Additional Affidavits -

[40]         There were a number of additional Affidavits filed which I have reviewed carefully and generally speaking, they speak very highly of Doctor S., of the relationship of the various deponents to Doctor S. and K., as well as E..  There is what one would expect to be a close relationship between the sisters and K. is viewed as a determined, capable, creative child who is not afraid to speak her mind.  K. is often described as a child very mature for her age, smart, sensitive to her mother and to her sister, keenly interested in animals.  There are references to K. telling persons of a concern for her father appearing and taking her away and that he had hurt her.  She also has apparently expressed a concern for someone taking her mother away from her.  All in all, Doctor S., K. and E. have been well received in the community, are active within the community and the community is highly supportive of them.

 

[41]         What the community is unaware is the extent to which, from the very outset, this highly intelligent, trained, successful pediatrician has followed a course determined to deny K. any relationship or even contact with her father.  Whether or not anything inappropriate occurred between K. and her father is beyond my determination in this proceeding

 


[42]         Doctor S. has deliberately and falsely misled innumerable people and there is nothing in any of these Affidavits to indicate the slightest awareness of this side of Doctor S.s character.  Doctor S. herself suffered sexual abuse by way of exposure by her father of his genitals and sex talk and this has produced a measure of guilt because she failed to protect her younger sisters from similar conduct plus for the longest while she felt betrayal by her mother for not being aware of and addressing what was taking place in their home.  Doctor S. has been married and gone through four unsuccessful attempts to have a meaningful relationship with a male of any duration and acknowledges in her evidence that she is a highly intelligent person but has been so far a failure in the area of a meaningful relationship with a member of the male gender.  One of the concerns the Court has is that there are signs of such being consciously or unconsciously imposed upon K..  Separate and apart from being denied a relationship with her father to date, she had a very good relationship with her step-father, Dr. M., and, while the stated desire of K. not to have anything to do with Dr. M. relates to comments such as favoritism perceived by Dr. M. to E., etc., one cannot help but believe that it is really, in no small measure, a product of the conduct of Doctor S. developing and promoting dependency by the children on her to the exclusion of their fathers.      

 

[43]         I have very carefully reviewed the evidence and report of Martin P. Whitzman whose Affidavit introduces his therapy summary of April the 4th, 2002.  Mr.
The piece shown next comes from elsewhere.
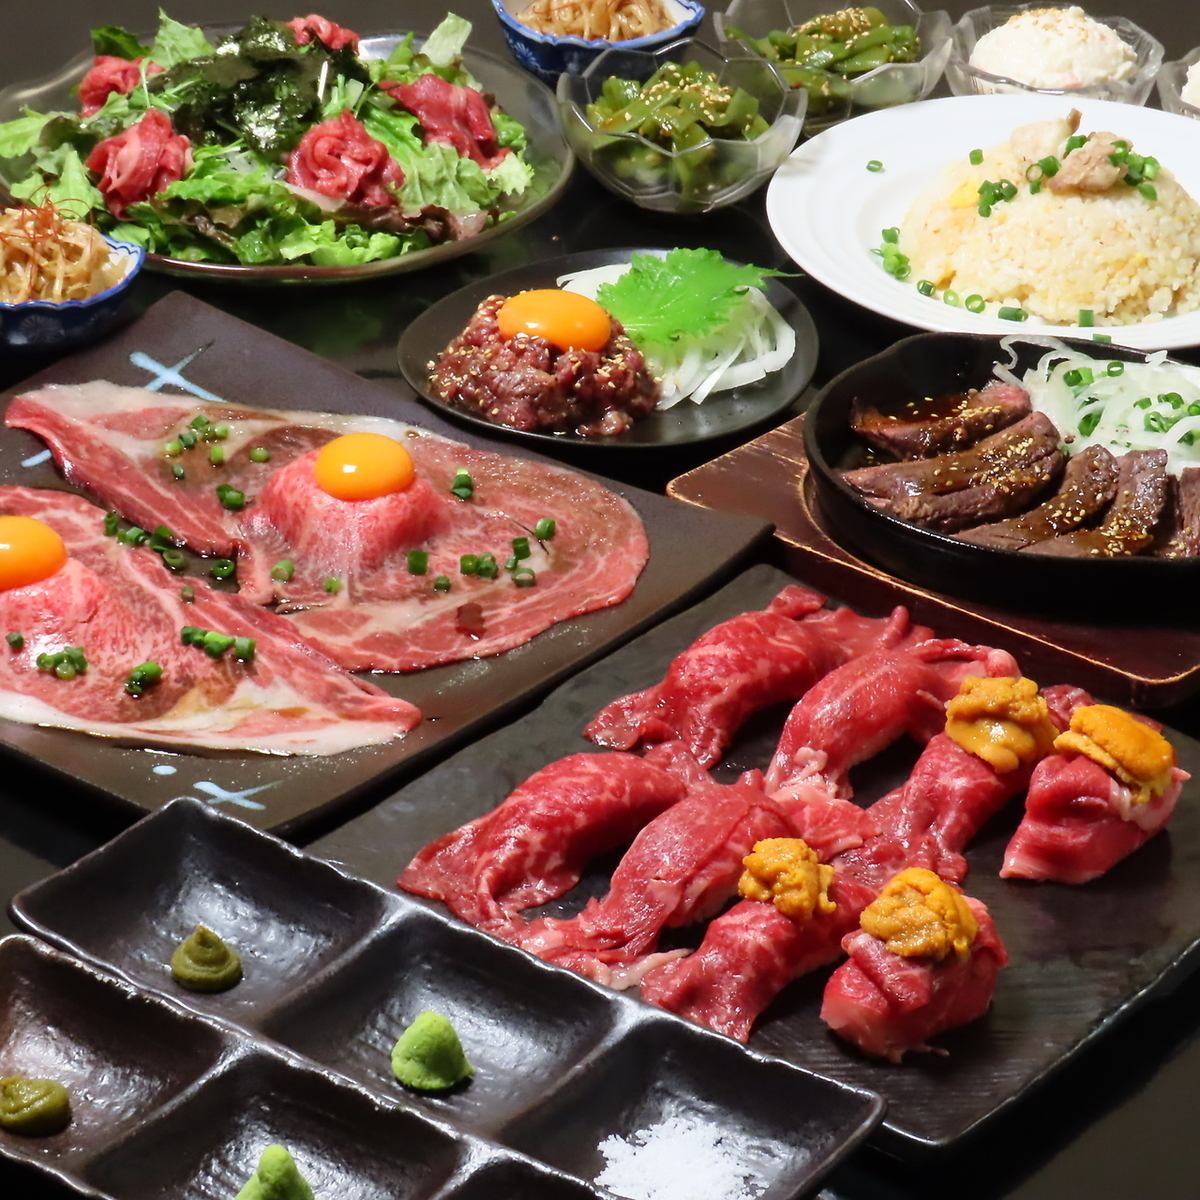 Enjoy the luxury of carefully selected Kuroge Wagyu beef and seafood "Extreme course" 7,000 yen

Whitzman has been seeing K., as I indicated previously, for a period now of one year to the date May 7th Mr. Whitzman gave his evidence and he saw her in relation to the breakdown of the marriage between Doctor S. and Dr. M..  Mr. Whitzman is a qualified marriage and family therapist who quickly acknowledged that he is not a child abuse investigator or expert.  He does state a strong opinion that K. is capable of expressing herself better than the average ten year old and, in his opinion, has well adjusted to her new home and settled in at school, her home in the community.  What Mr. Whitzman does not have is the benefit of the total picture.  In his cross-examination, he acknowledged that children were very perceptive of the anxiety of a parent, particularly a caregiver.  His response was that that was a fair comment and also that it was very common that a child seeks approval of the primary caregiver.  He commented that, with respect to a child and parent in flight, he expected it to be true that this would result in intense co-dependency and that fear of detection was harmful to a child and added a stressor to the childs plate.  

 

[44]           The Affidavits have been carefully considered and in particular, with respect to my assessment as to K.s wishes and the question of settled in.

 

ISSUES


1.       Was K. A. wrongfully removed from her habitual residence?

2.       Should the Court exercise its discretion and refuse to order K. to be returned to Iowa?
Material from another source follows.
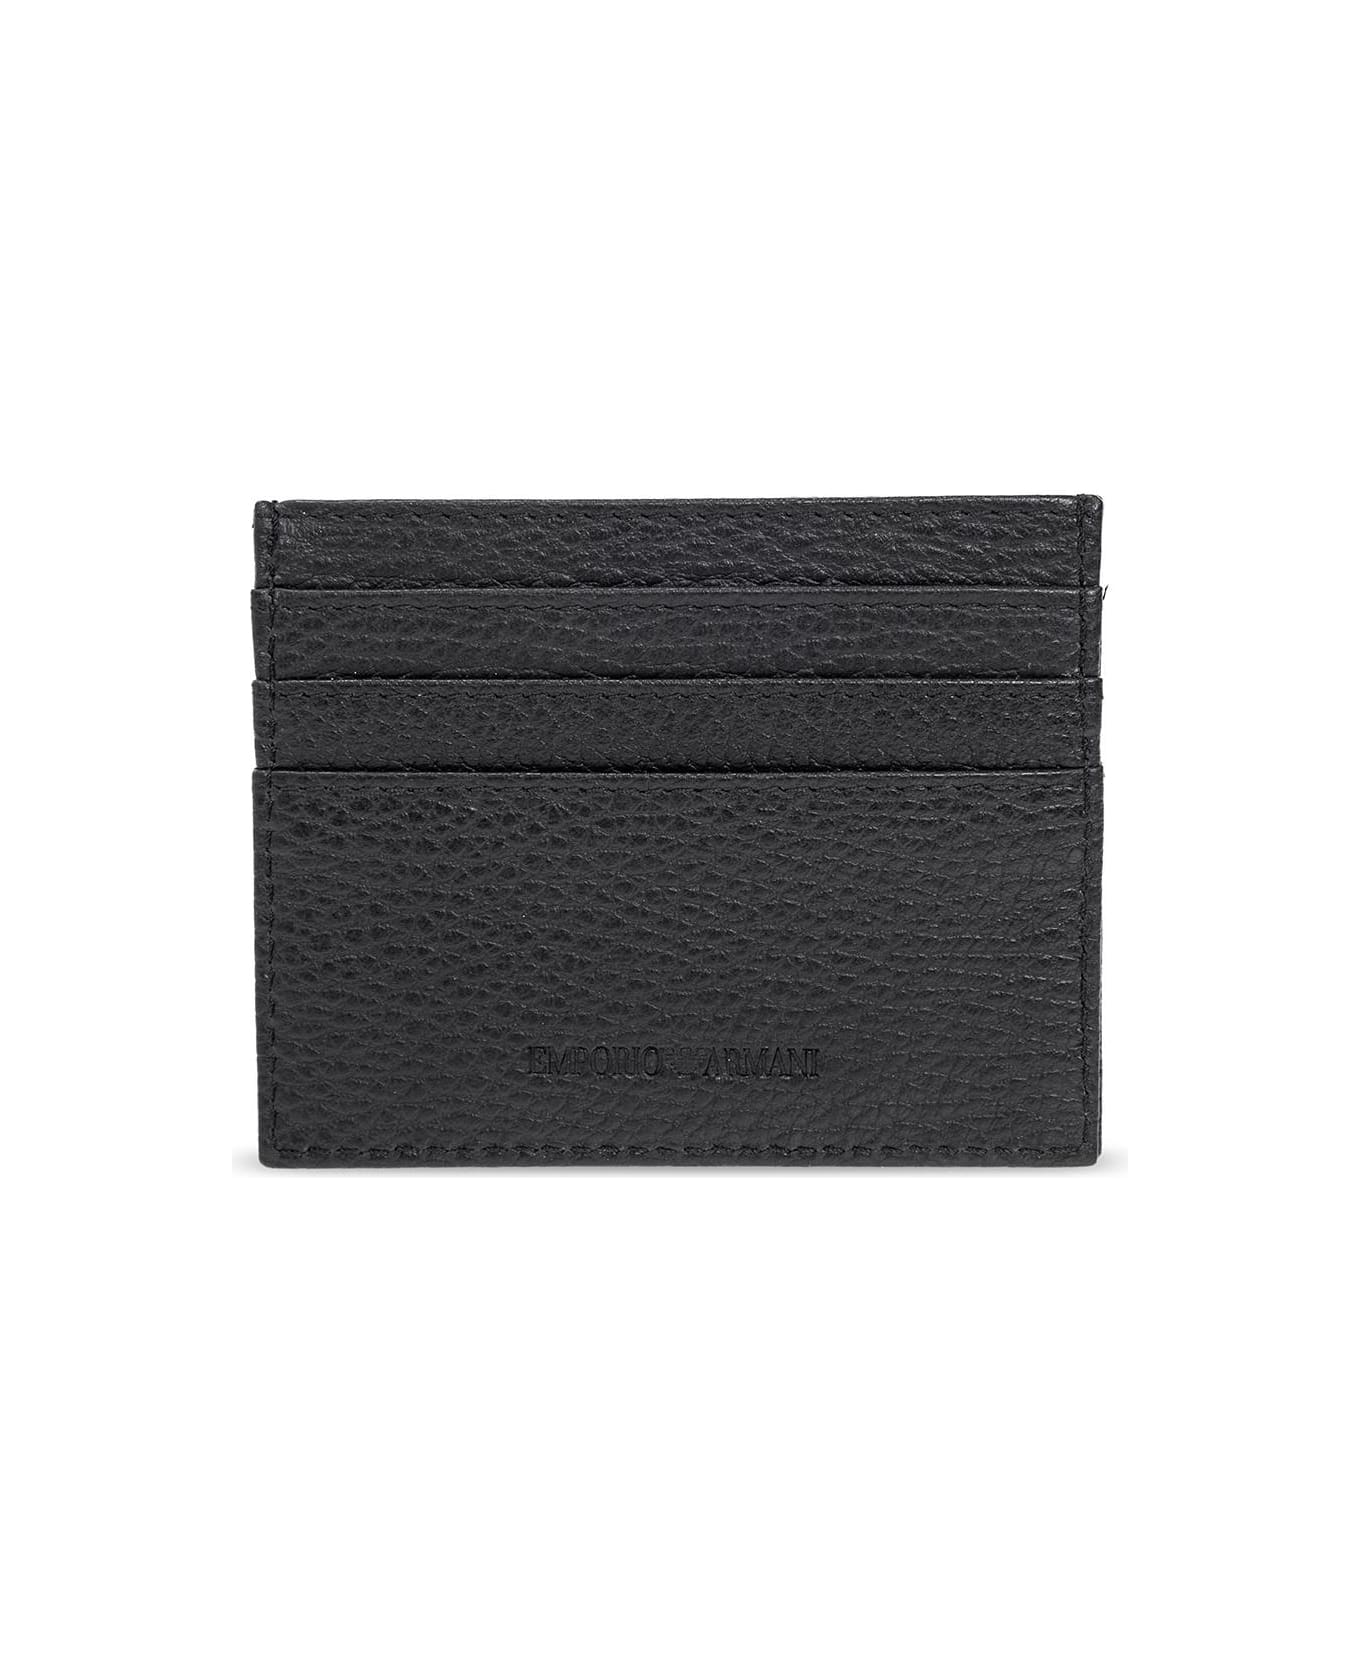 Emporio Armani Wallet And Card Holder Case - Nero

3.       Has it been demonstrated K. is now settled in her new environment?  (Article 12 of the Convention)

4.       Has it been established that there is a grave risk that K.s return to Iowa would expose her to physical or psychological harm or otherwise place her in an intolerable situation?  (Article 13(b) of the Convention)

 

ISSUE NUMBER ONE

1.       Was K. A. wrongfully removed from her habitual residence?

[45]         Counsel for Doctor S. and for K. acknowledged that K. was wrongfully removed, however, the history relating to this aspect has relevance in the other determinations and I want to show an appreciation of what was advanced by counsel has been considered by the Court.

[46]         The Convention does not define habitual residence but generally it is the place where the child lived with his or her parents as a family unit at and before the breakdown of the marriage.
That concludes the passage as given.